PRAGUE, April 10 (Reuters) - Revenue at Czech defence
and industrial manufacturer Czechoslovak Group (CSG) rose by 71%
last year while earnings before interest, tax and amortisation
(EBITDA) more than doubled due to rising demand for military
equipment, the company said on Wednesday.
The maker of heavy military equipment and large-caliber
ammunition - in high demand due to the war in Ukraine - said
increasing defence budgets provided potential for revenue growth
in the coming years.
Revenue rose to 1.73 billion euros ($1.88 billion) in 2023.
EBITDA jumped by 130% to 439 million, the company said, while
net profit climbed by 49% to 210 million euros.

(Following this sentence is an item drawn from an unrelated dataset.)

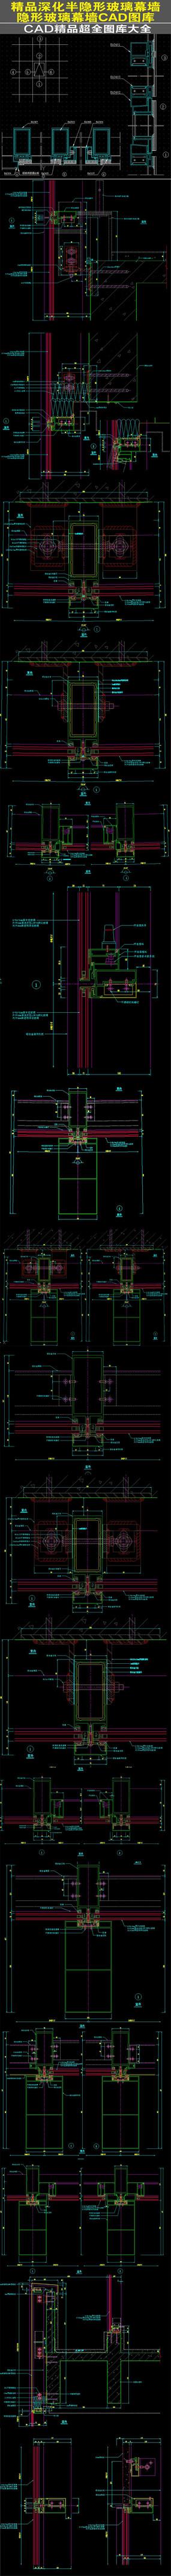 半隐形隐形玻璃幕墙CAD

CSG, owned by Czech businessman Michal Strnad, 31, has been
investing into raising its ammunition production at its plants
in Slovakia and Spain, and has also played an important role in
western efforts to procure and supply military material to
Ukraine.
The company is also in the process of a $1.91 billion
all-cash acquisition of the Sporting Products division of
U.S.-based Vista Outdoor ( VSTO ), since renamed as Kinetic
Group, which includes its guns and ammunition production
business.
"The continuing Russian aggression against Ukraine resulted
in a significant increase in defence spending in most European
countries, especially in Eastern and Northern Europe," CSG said.
"This is accompanied by greater pressure to expand
production capacity and - given the high consumption of mainly
large caliber ammunition and ground equipment - the need to
replenish more rapidly the stocks of military equipment and
materiel in the arsenals of NATO member states."